### Information shown
+===+

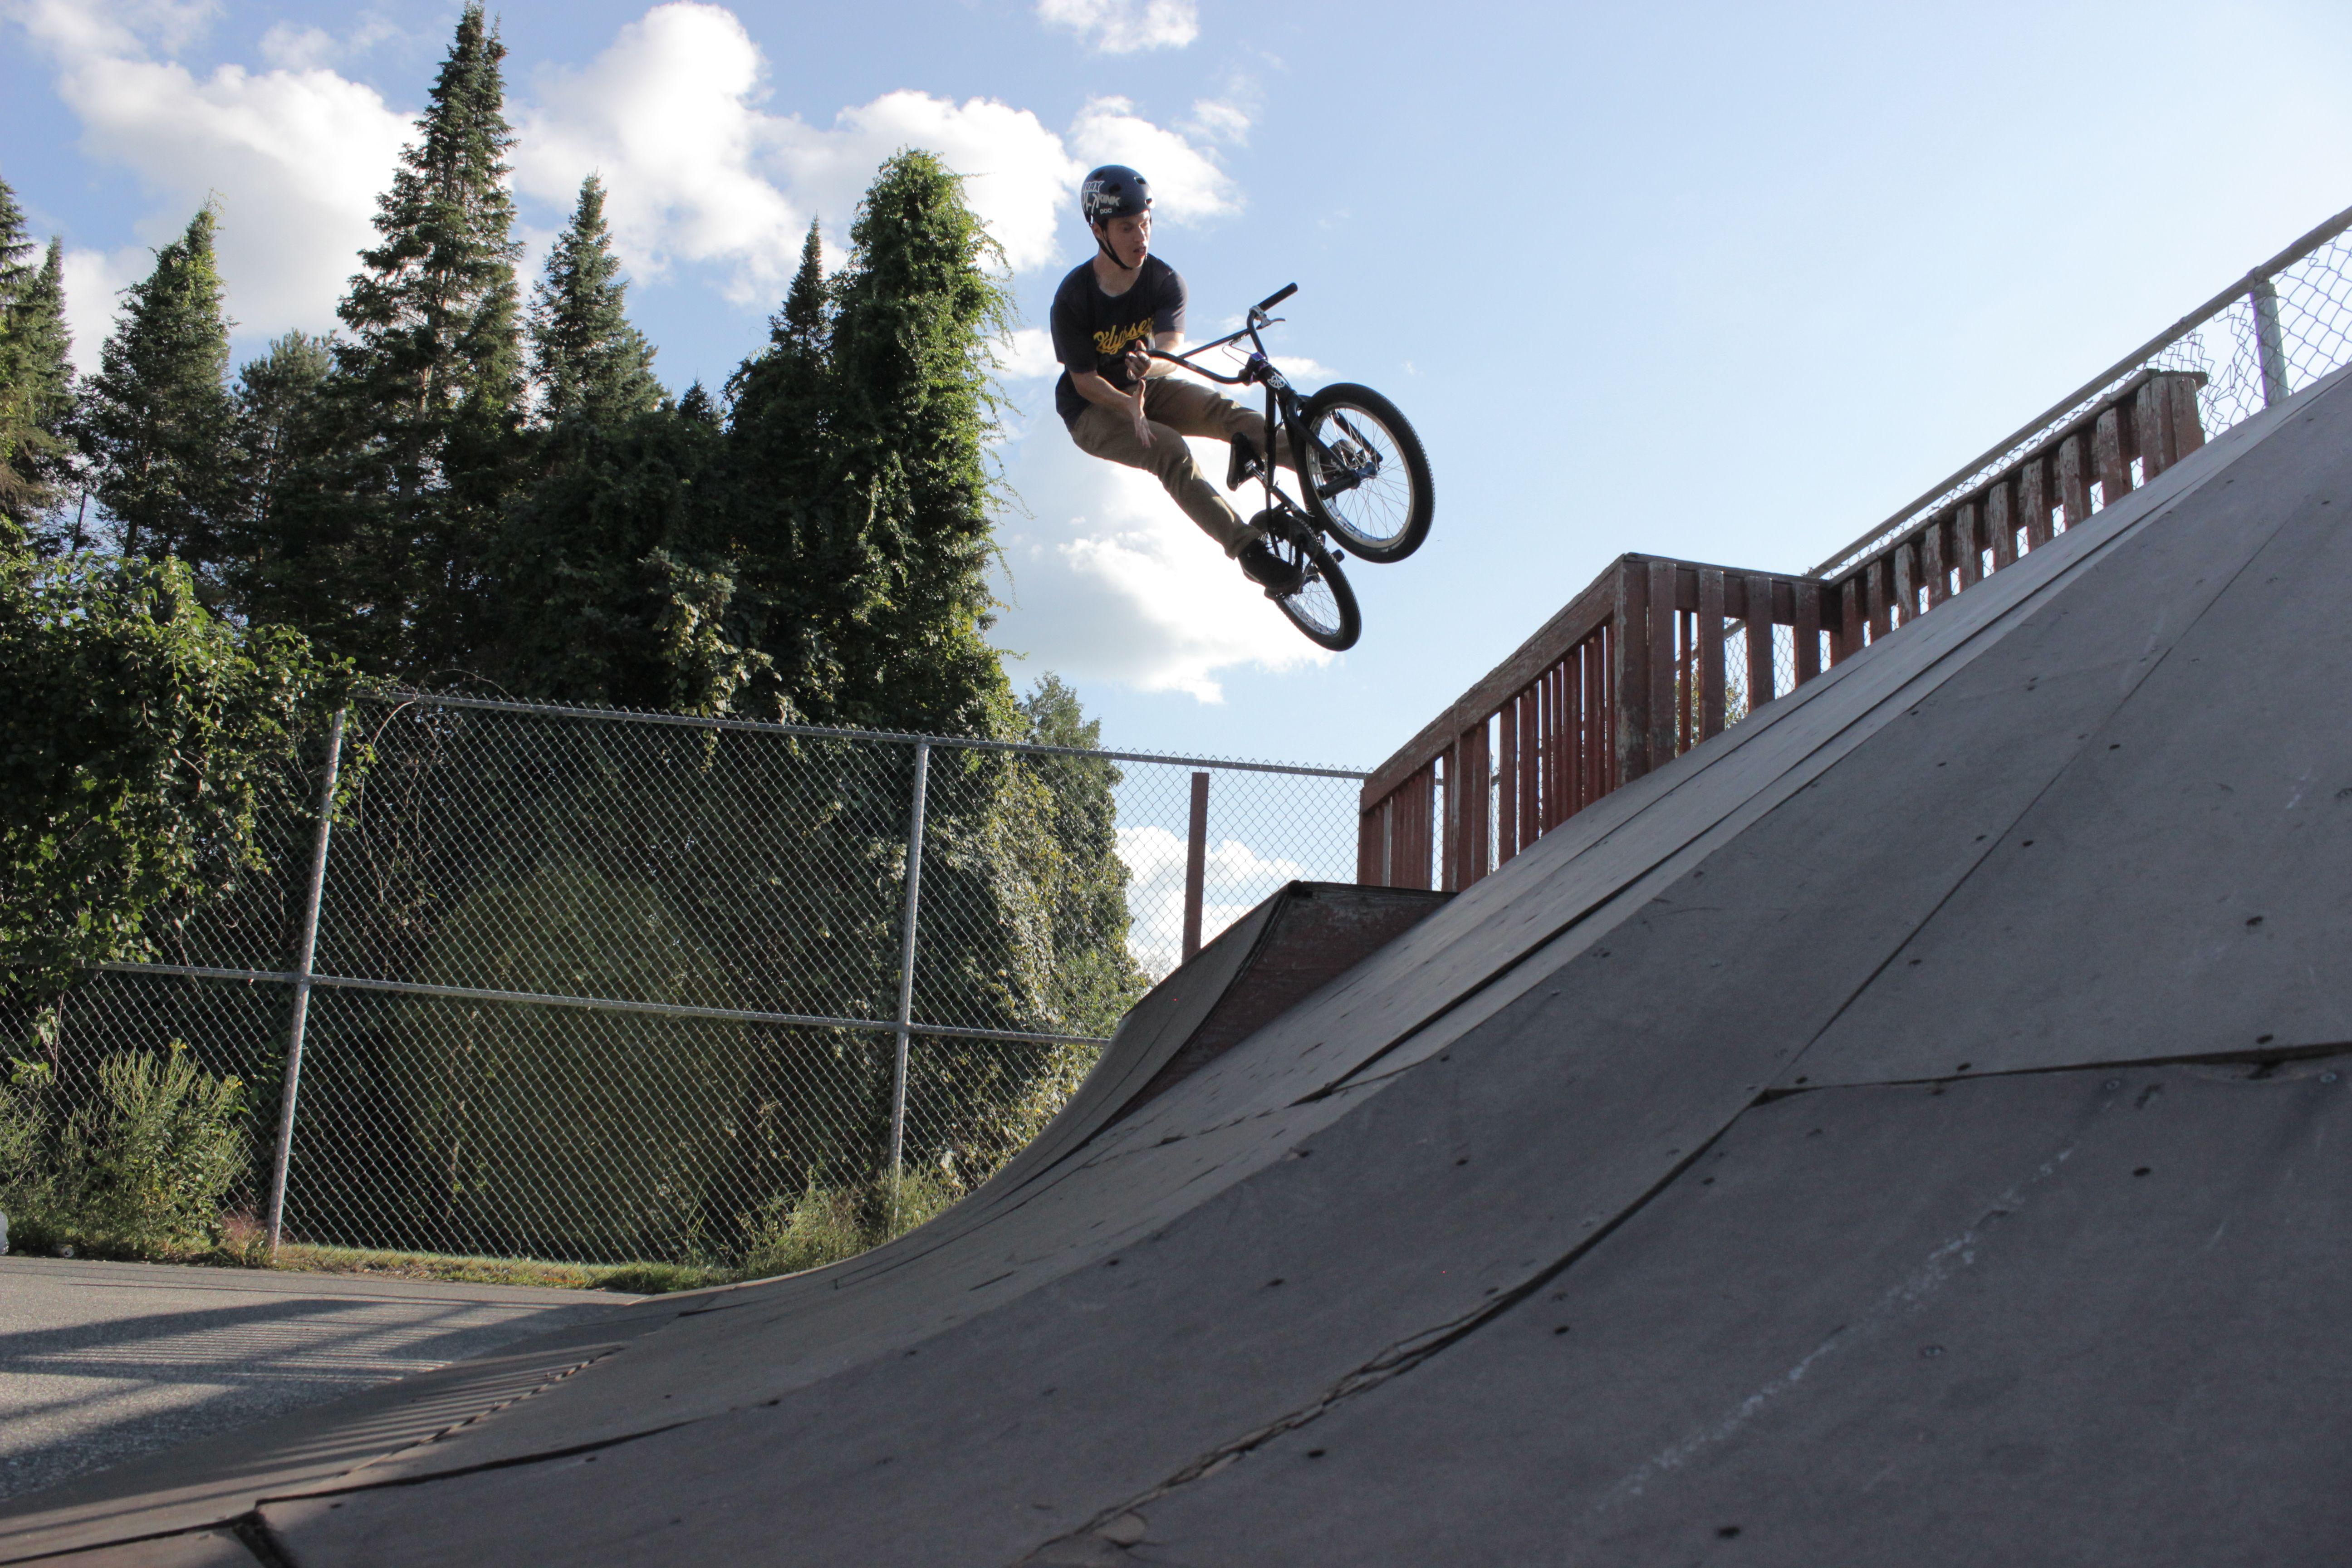 Neal Bachman Bar Air to Back Belchertown Skatepark
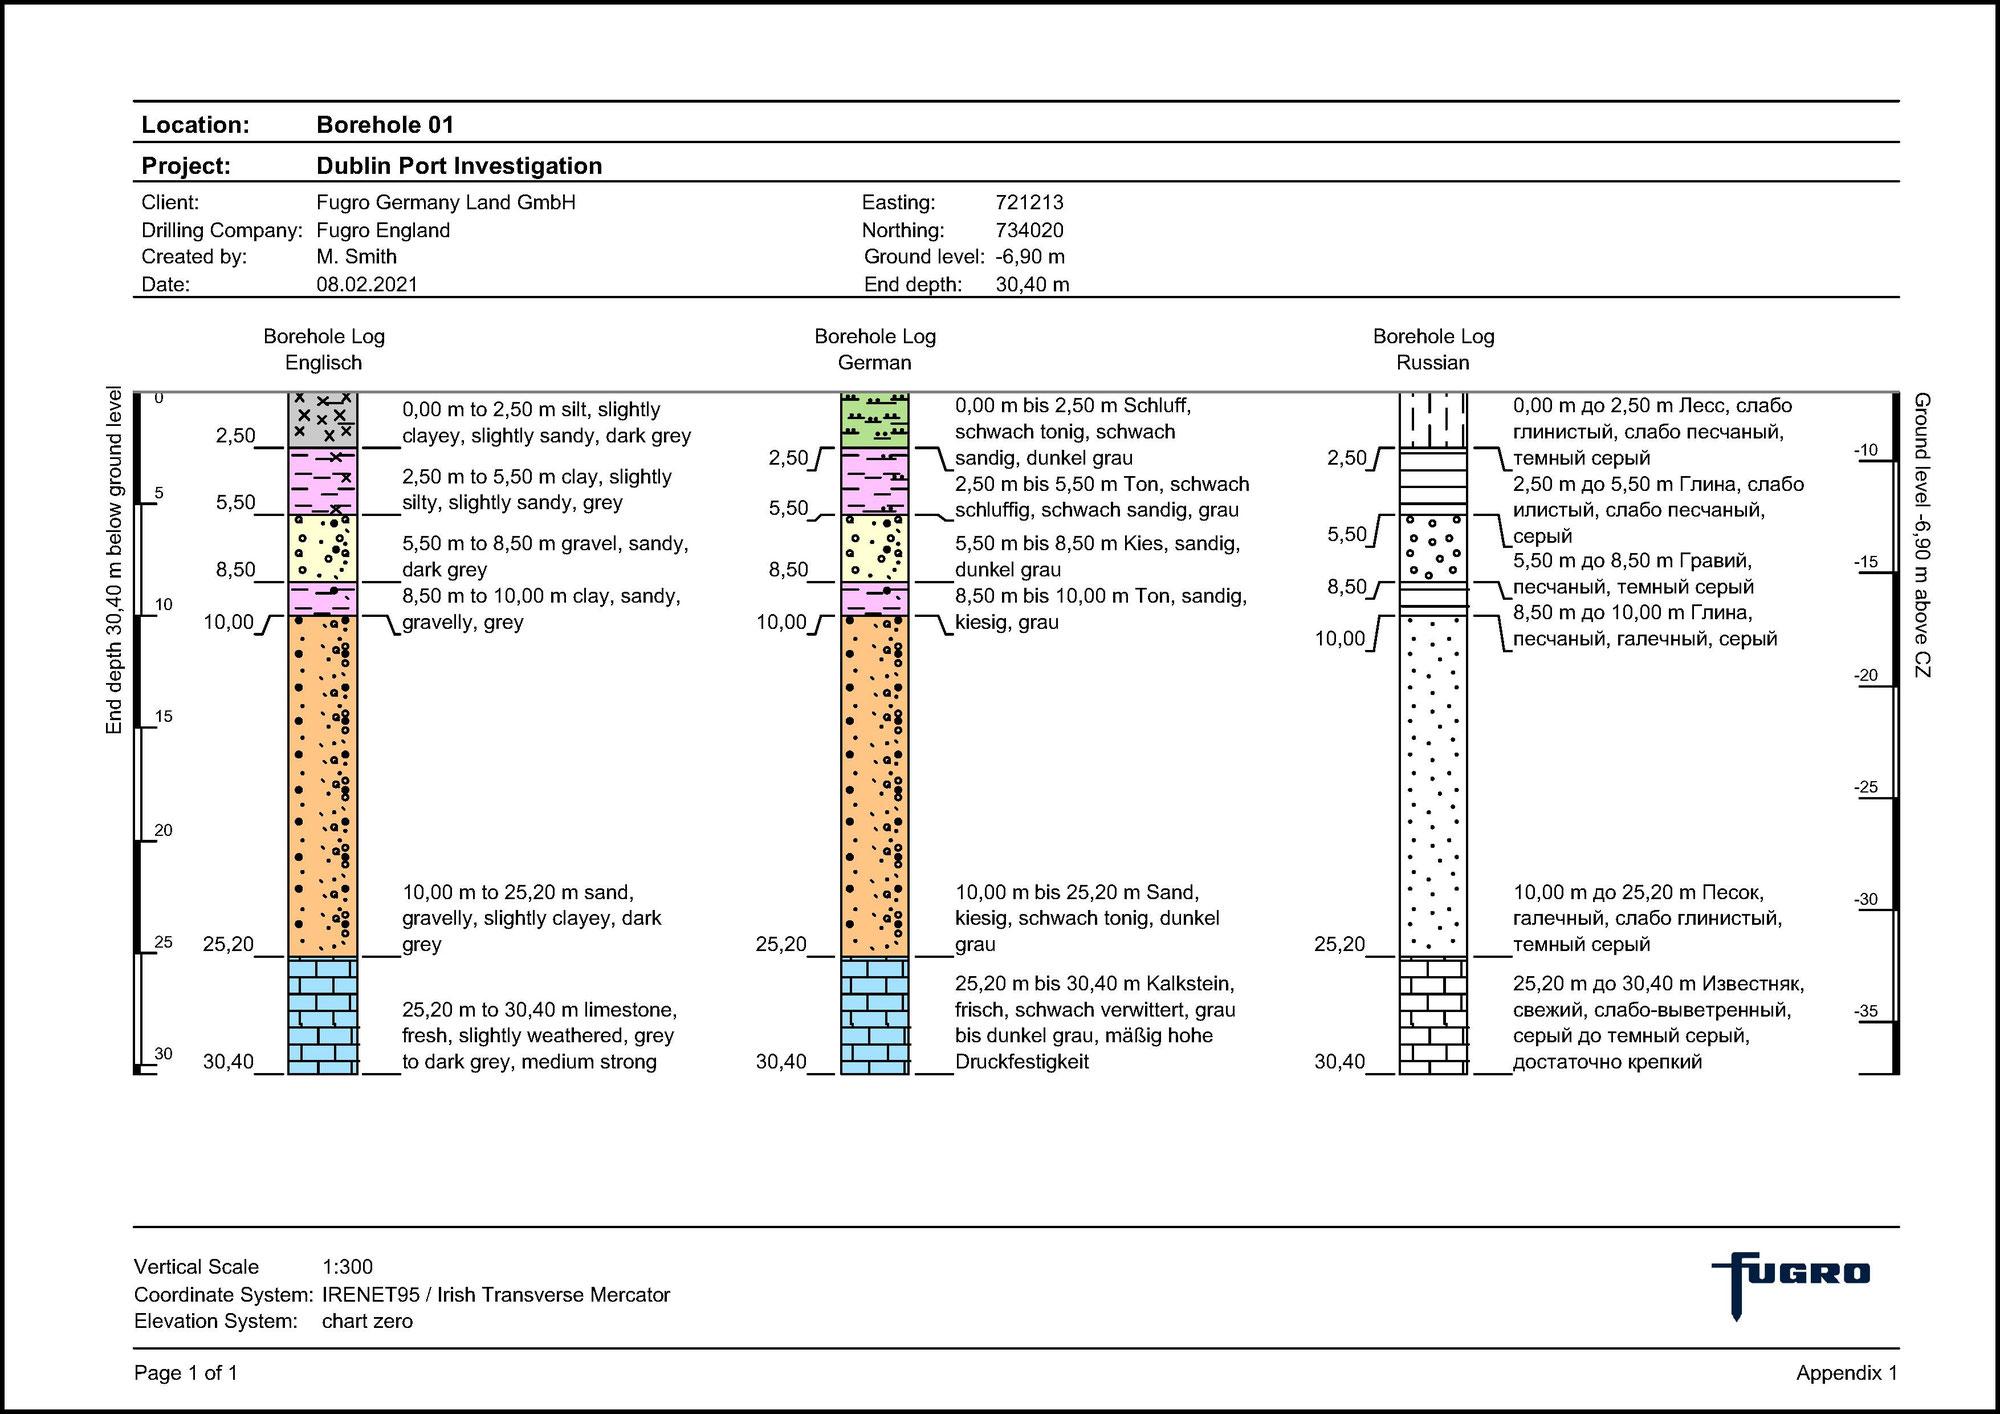 GeODin object type: Universal Geotechnical Standard (UGS)
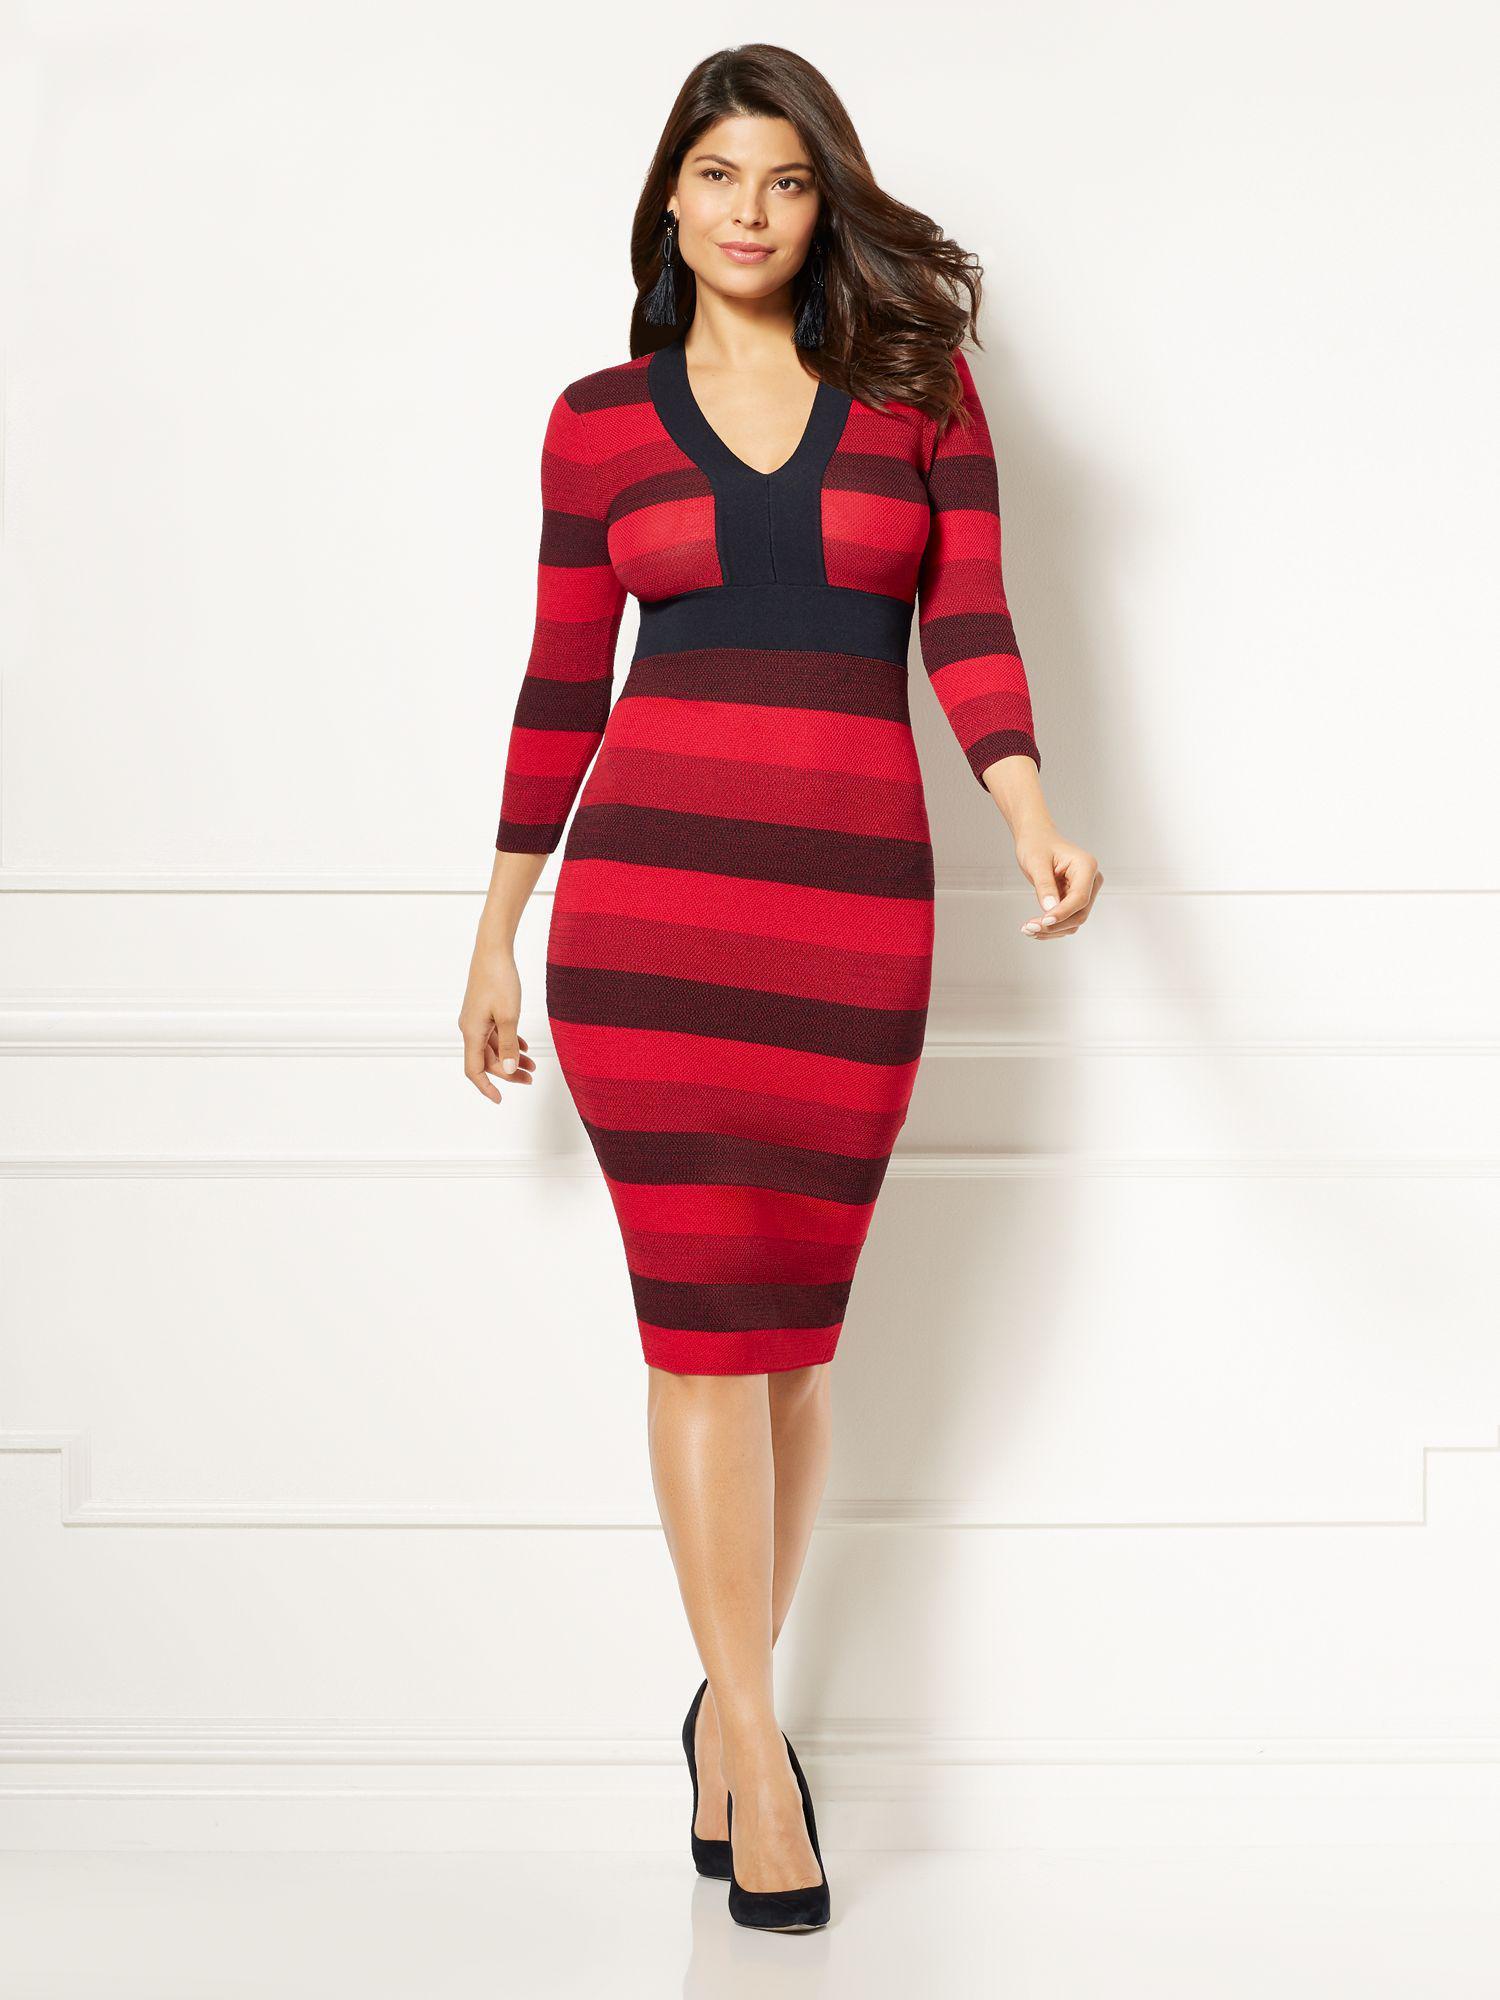 dcd8916868b New York   Company Eva Mendes Collection - Francisca Stripe Sweater ...

+===+

### Your goal
Nothing but the pictures is to be left out; repeat the data exactly.

### Result
 Neal Bachman Bar Air to Back Belchertown Skatepark
 GeODin object type: Universal Geotechnical Standard (UGS)
 dcd8916868b New York   Company Eva Mendes Collection - Francisca Stripe Sweater ...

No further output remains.